Other researchers have tried to tackle this problem before; bispecific antibodies, for instance, can bind to two target antigens at once. Beutel and his 15-person team plan to build on that work by developing single drugs—some small molecules, some antibodies—that can tackle multiple protein targets together.

To identify those groups of proteins, Passkey has developed a software platform it calls Locksmith. The tool analyzes human genetic data to find combinations of proteins involved in complex diseases, then models potential drug candidates that could modulate them.
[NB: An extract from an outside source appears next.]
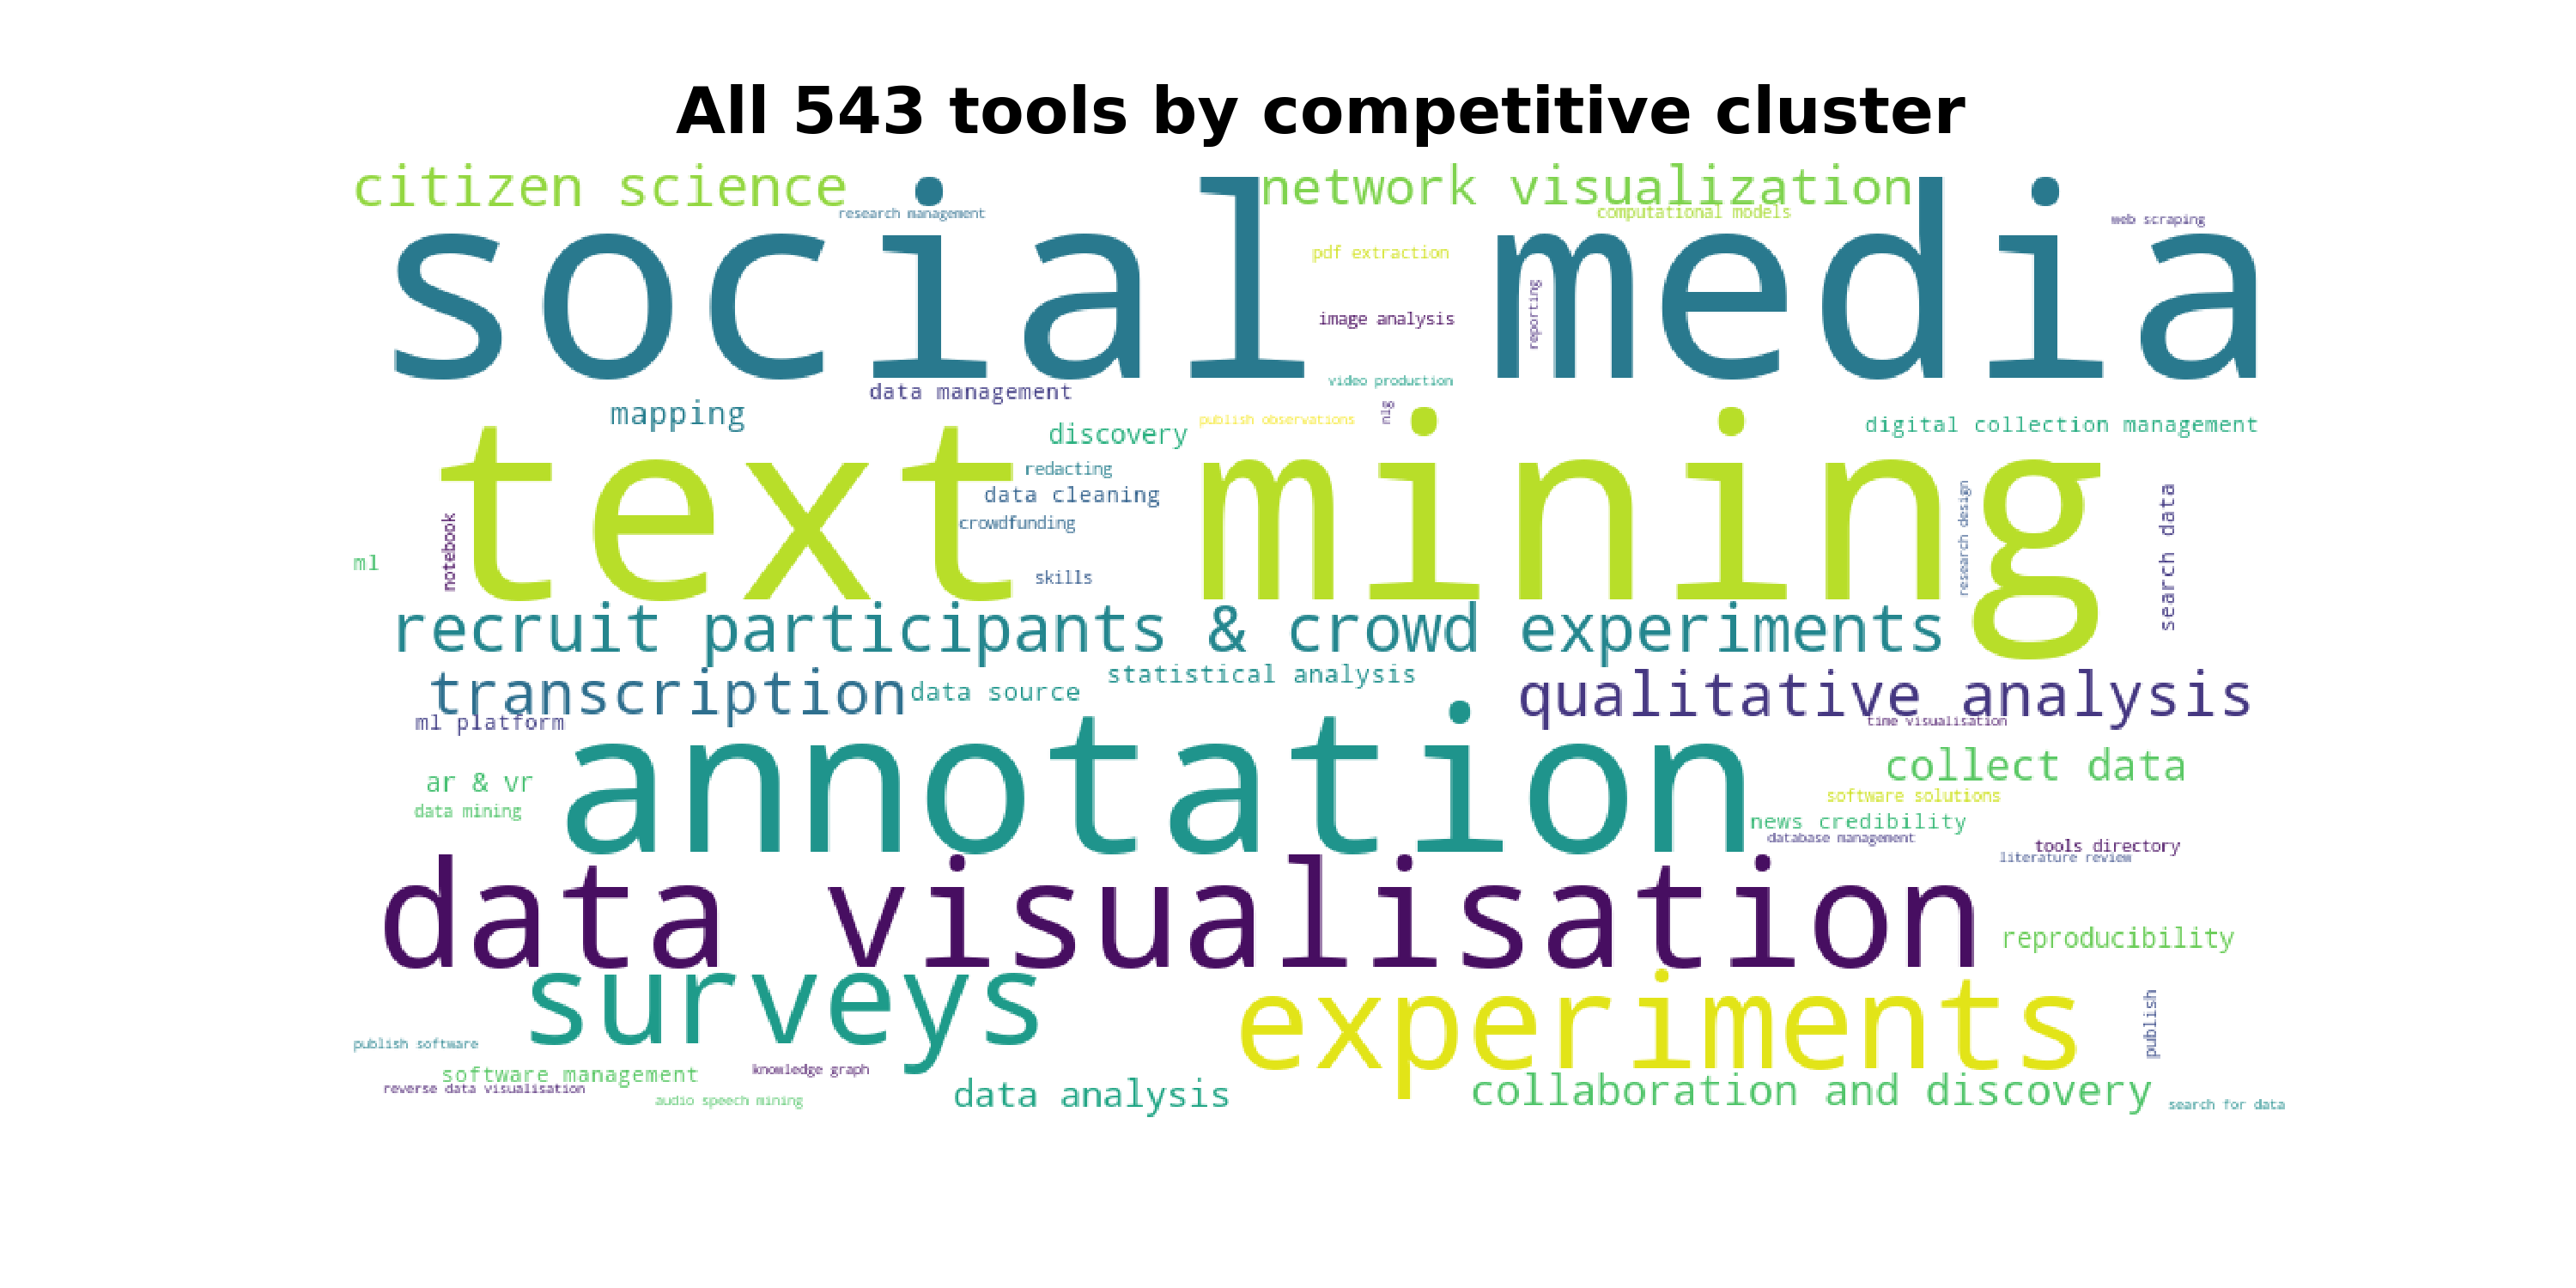 Tools by competitive cluster

Some of those drug candidates will certainly be small molecules, Beutel says, because they’re better at hitting targets inside the cell than larger molecules like antibodies are.

Passkey’s multifunctional compounds could potentially be used to treat cancer, autoimmune and neurodegenerative disorders, and metabolic diseases. The company will develop drug candidates in-house for two unnamed disease areas and seek partnerships with pharmaceutical companies to expand its reach. Beutel declines to offer a drug development timeline.

“After all the experience I’ve had in different roles and companies big and small, I immediately felt this was kind of the only thing that mattered now,” Beutel says. “It just has to be solved.”